Все опухоли позвоночника, в том числе и тел позвонков, вне зависимости от их местоположения я лечу оперативно. И реальным это стало благодаря возможности частичного или полного замещения тела и тел позвонков. Очень много пациентов с опухолями позвоночника прошло через мои руки. Не всех я могу вспомнить по имени и фамилии, но все они хорошо помнятся по тем изменениям, которые вызвала в них болезнь.
Екатерина Б. приехала из Свердловска. Эта сорокадевятилетняя женщина, жена и мать, года за два до поступления в клинику стала замечать какую-то неловкость в верхних отделах шеи, чему не придала значения. Постепенно периоды такой неловкости стали учащаться и усугубляться появлением болей.
Обратилась в поликлинику, где было назначено лечение в виде массажа тепловыми физиопроцедурами. Ее лечили от шейных болей, а боли в шейной области возникают от тысячи причин. Лечение не приводило к выздоровлению. Больной становилось все хуже и хуже. Когда она не смогла удерживать голову, ее направили в Свердловский институт травматологии и ортопедии. Там сделали спондилограмму и установили наличие опухоли тела второго шейного позвонка. Позвонили мне. Попросили принять больную. Так она оказалась в моей клинике.
Я увидел невысокую женщину, которая удерживает голову обеими ладонями. Иначе голова «падает» набок, что вызывает тяжелейшие приступы болей и в шее, и в голове, и в левой половине лица, особенно в области глаза. Долгое время больная не спит должным образом из-за невозможности найти удобное, вернее, терпимое для себя положение. Она говорит шепотом, хриплым голосом. С трудом глотает жидкую пищу и воду. Горячая пища очень усиливает боли. Твердой пищи давно ке принимала. В ногах и руках иногда внезапно появляется слабость.
Тяжкое впечатление произвела эта пациентка. Предварительное знакомство с ней не оставляло сомнений, что у нее какой-то процесс, разрушивший верхние отделы позвоночника на шейном уровне. Об этом свидетельствовали и жалобы Б., и ее внешний вид, особенно симптом «статуи».
Клиническое обследование подтвердило диагноз. Было установлено наличие так называемой гигантоклеточной опухоли, разрушившей полностью тело второго шейного позвонка и частично его зуб, что и привело к потере устойчивости в этом отделе позвоночника. Беда заключалась в том, что длительный рост опухоли и неадекватность лечения в виде тепловых процедур привели к ее значительному увеличению, выходу из пределов пораженного тела и заполнению опухолевыми массами окологлоточного, заглоточного пространства. Сама по себе биологически доброкачественная чаще всего опухоль по условиям локализации и распространенности процесса представлялась крайне неблагоприятной для лечения. Трудность заключалась в сомнительной вероятности радикального удаления опухолевых масс, прорвавшихся в околопозвоночное пространство.

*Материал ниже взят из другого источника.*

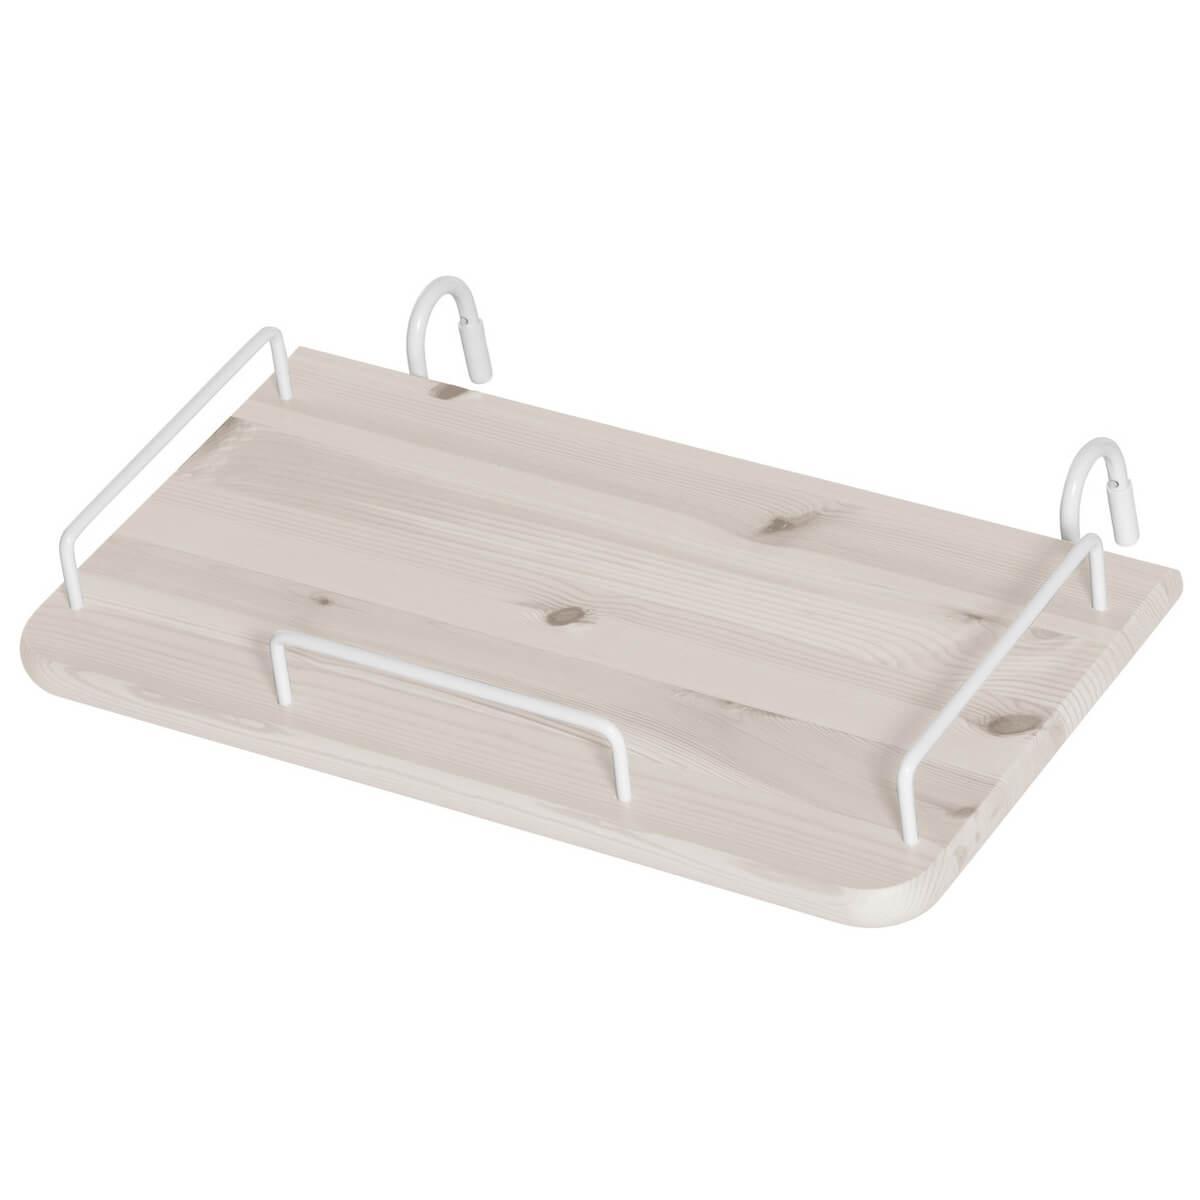 Table de chevet Flexa blanchi

При всем этом помочь Б. могла только операция, в процессе которой следовало решить две основные задачи. Первой из них было радикальное удаление опухоли, второй — создание стабильности в месте разрушенного позвонка на ответственнейшем атлантоаксиальном уровне шейного отрезка позвоночника. Должен признаться, что хоть и прошло много лет, но то напряжение, с которым я готовился к операции Б., помнится до сих пор.